Contrary to the Lightning Network, which is a P2P payment network, Stacks is a Bitcoin layer designed for smart contracts. It allows decentralized applications to use Bitcoin as an asset in a trust-minimized way, settling transactions on the Bitcoin blockchain.
Launched in early 2021, Stacks introduced Bitcoin transaction settlement, the Clarity language for secure contracts, and atomic swaps with BTC. The upcoming Nakamoto release, expected in 2024, will enhance Stacks with a decentralized, two-way Bitcoin peg, Bitcoin-secured transactions, and faster transaction times. This upgrade aims to make Bitcoin a fully programmable asset, unlocking its potential for decentralized applications and making it the backbone of a more open and productive economy.
Bitlayer
Bitlayer is the first Bitcoin Layer 2 solution based on the BitVM paradigm, offering both Bitcoin-level security and Turing completeness. Derived from the white paper “BitVM: Compute Anything On Bitcoin” by ZeroSync’s Robin Linus, BitVM (Bitcoin Virtual Machine) enables Turing-complete contracts on Bitcoin without altering its consensus.

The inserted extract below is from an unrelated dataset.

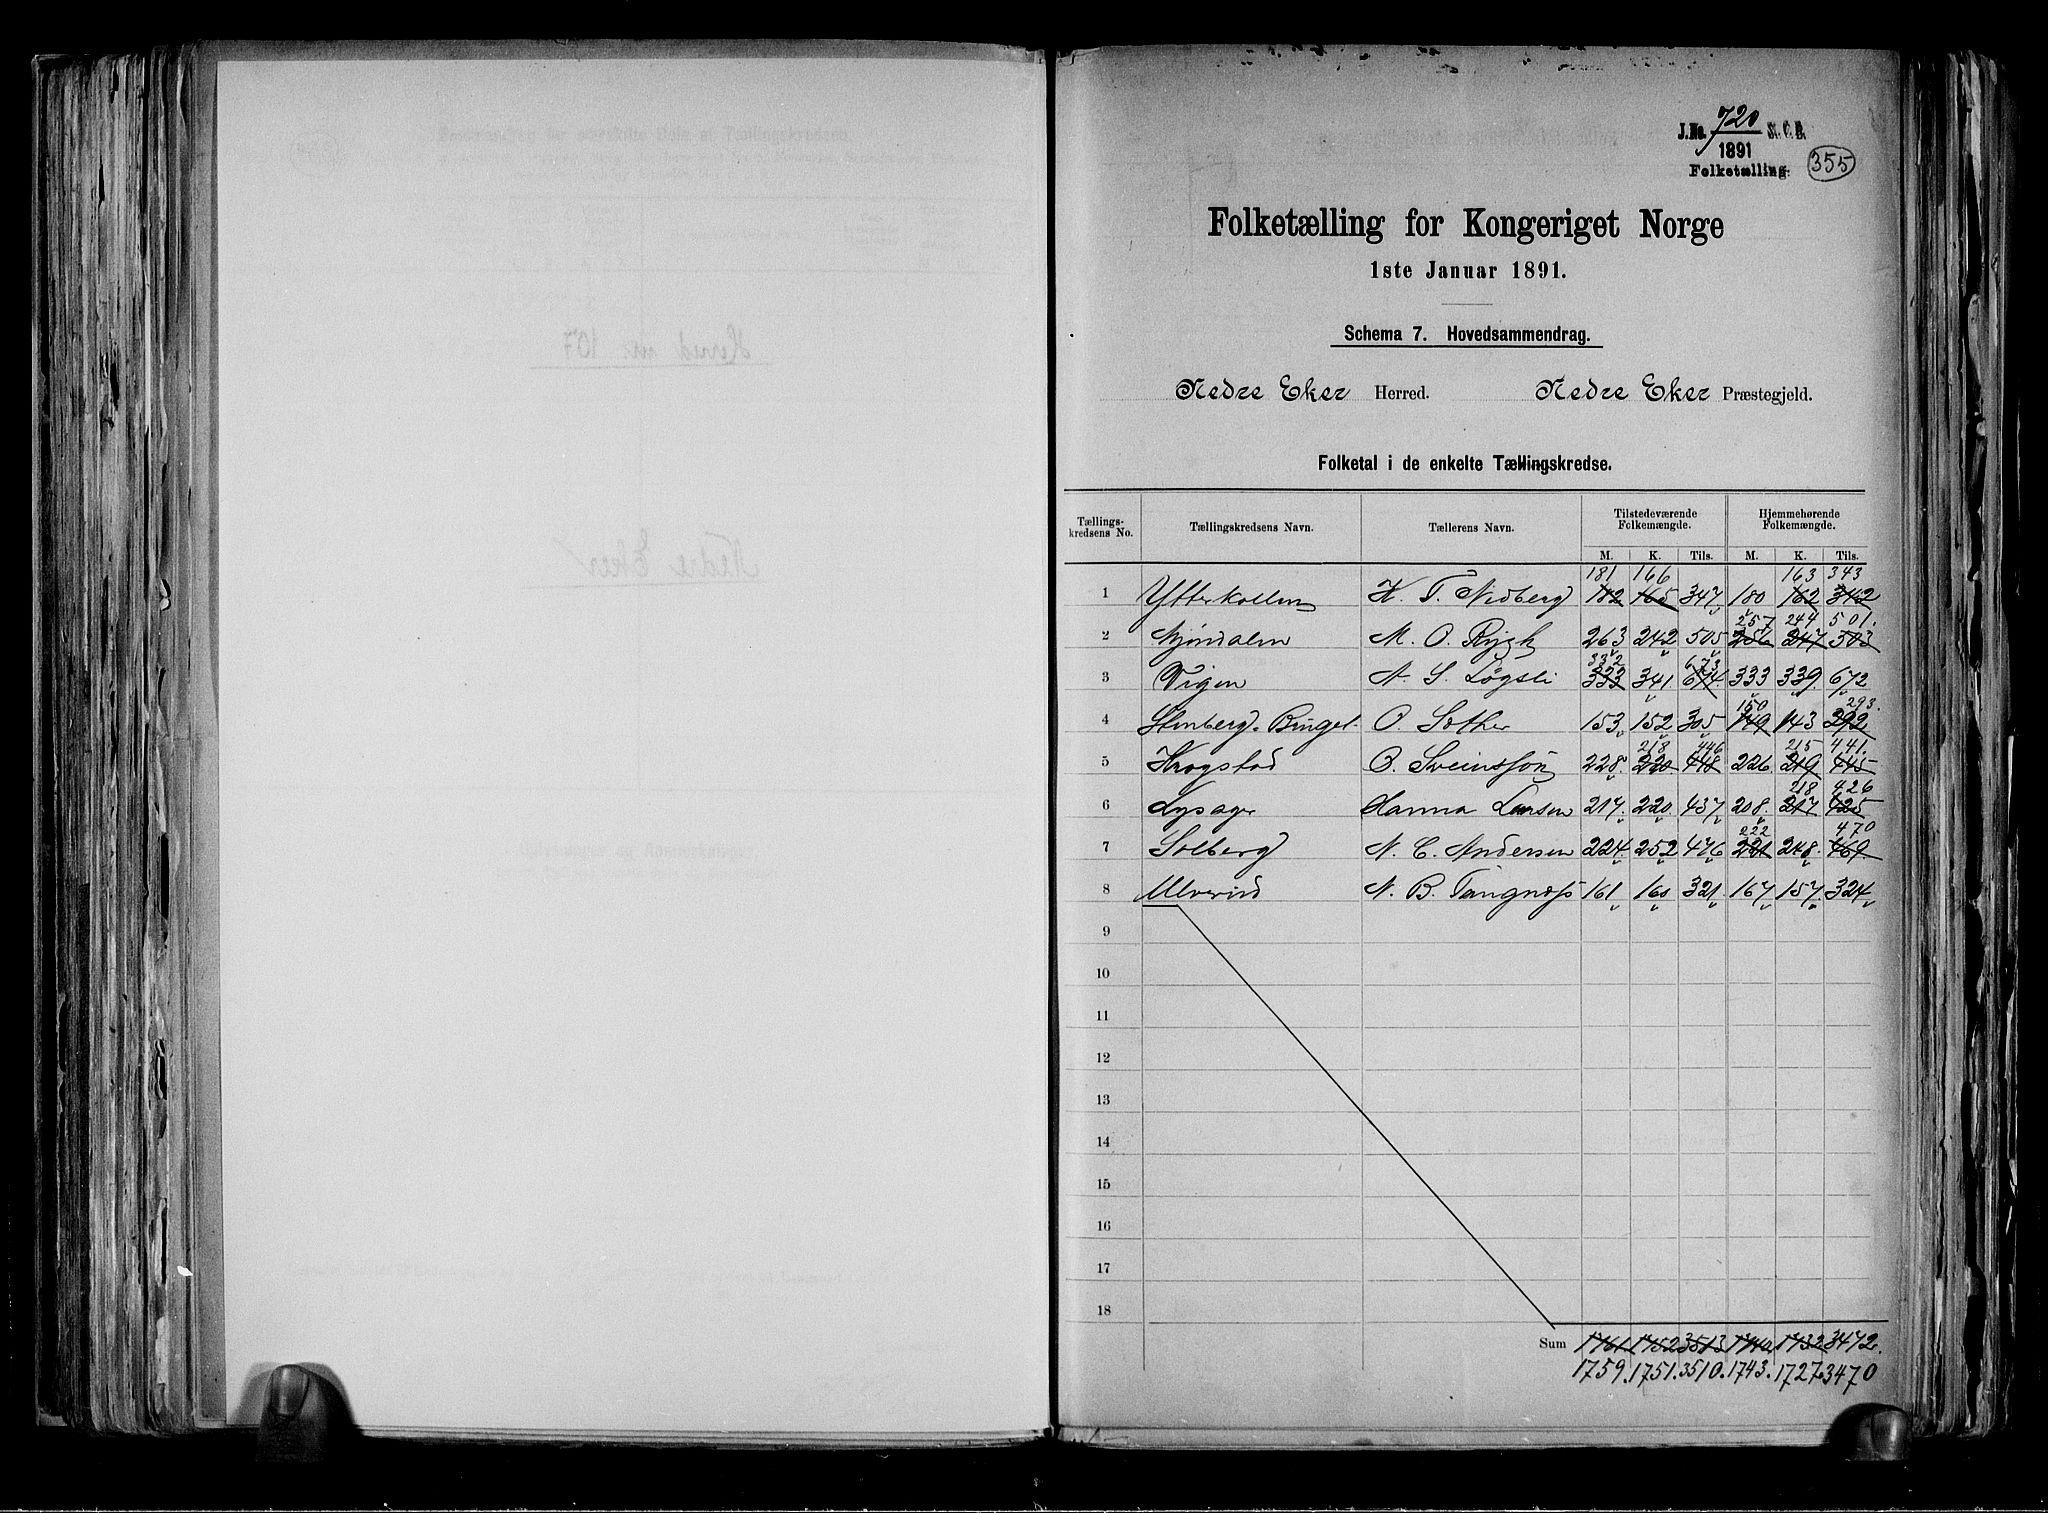 RA, Folketelling 1891 for 0625 Nedre Eiker herred, 1891, s. 2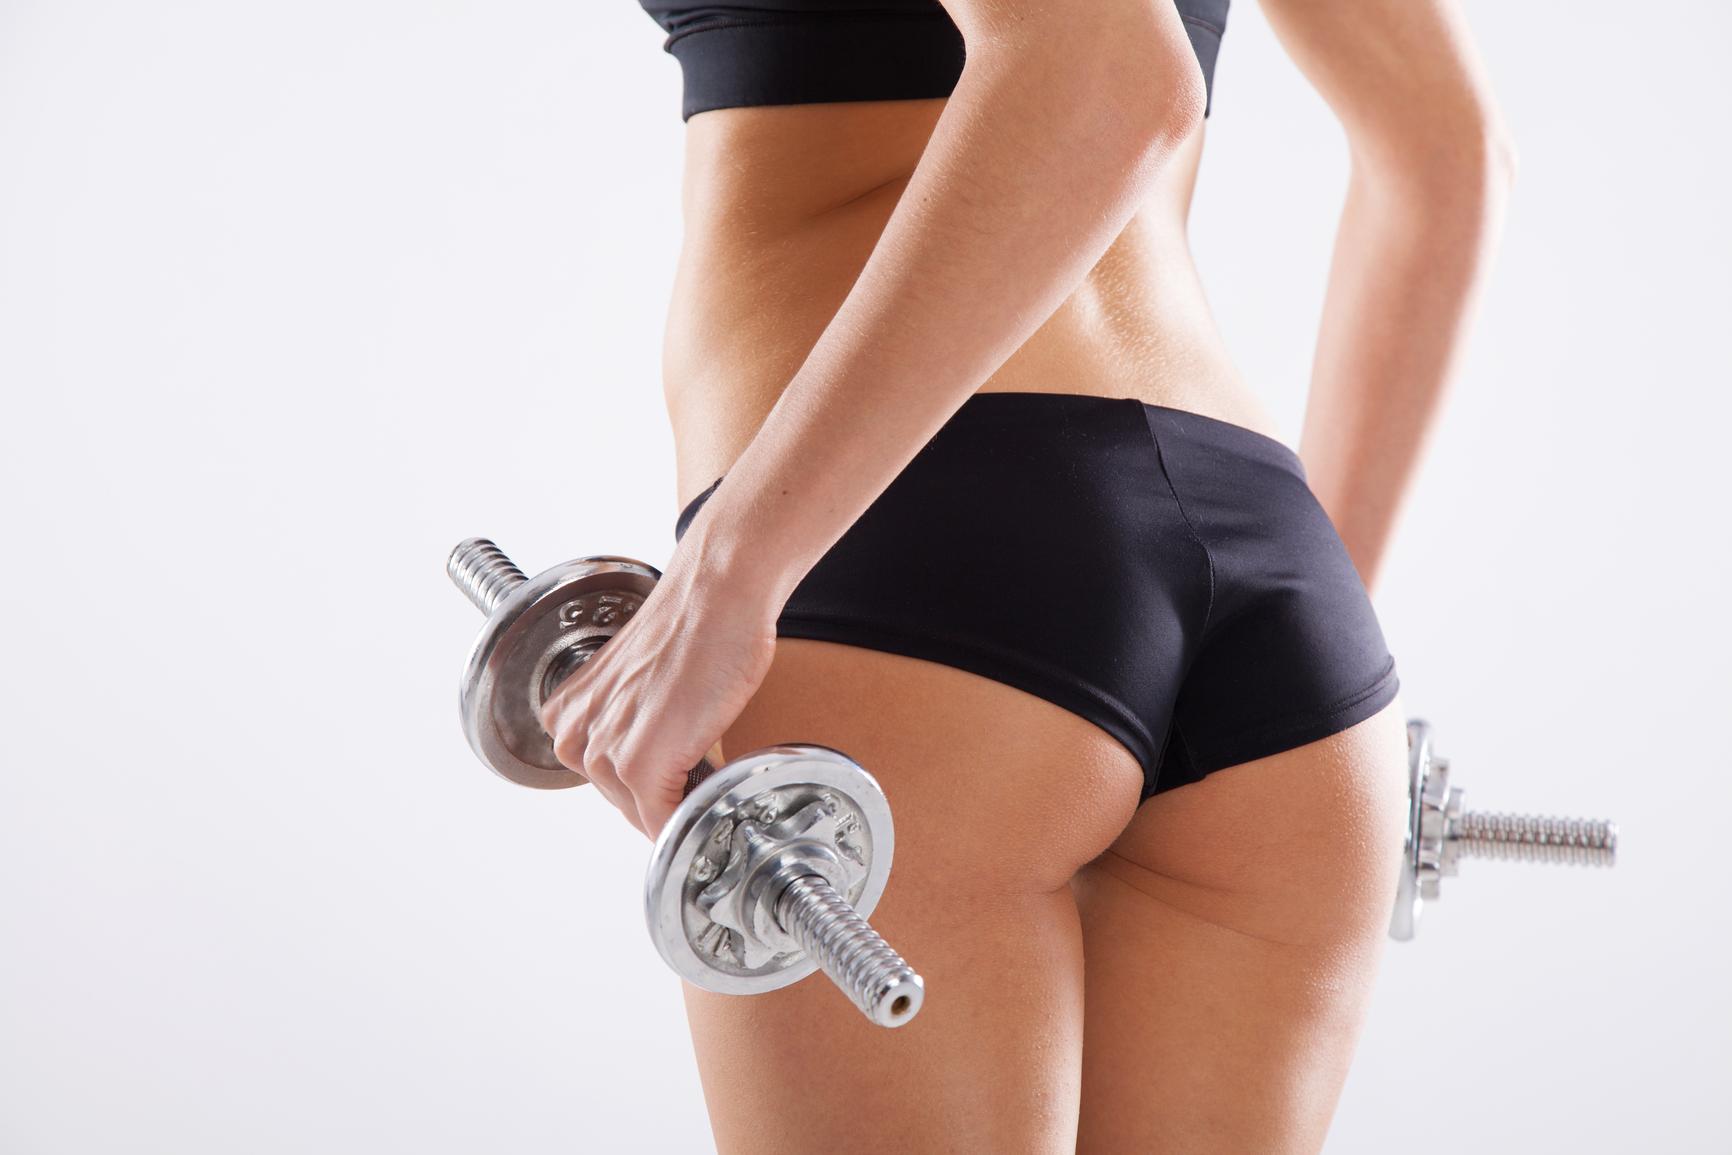 Домашній спорт: як без штанг і гантелей накачати сідниці і ноги

Bitlayer aims to enhance the Bitcoin ecosystem by providing secure scalability, diverse assets, and fostering innovation, ultimately offering users a faster, safer, and more flexible experience.
What sets Bitlayer apart from other L2 solutions is its introduction of BitVM, Discreet Log Contracts (DLC), the Lightning Network, and multiple VMs, including the Ethereum Virtual Machine (EVM). DLC allows two parties to execute conditional payments based on predefined conditions with the help of an Oracle, enabling new decentralized financial applications while ensuring Bitcoin deposit security. Bitlayer also offers 100% compatibility with EVM and the Ethereum toolchain, using BTC as the native token. This allows developers to migrate from the Ethereum ecosystem with minimal cost.
All in all, the landscape and main operations of BTC Layer 2 are still evolving and face significant challenges, including scattered solutions and a lack of unified definitions. Most importantly, user experiences must be taken into account to make effective comparisons with the Ethereum ecosystem!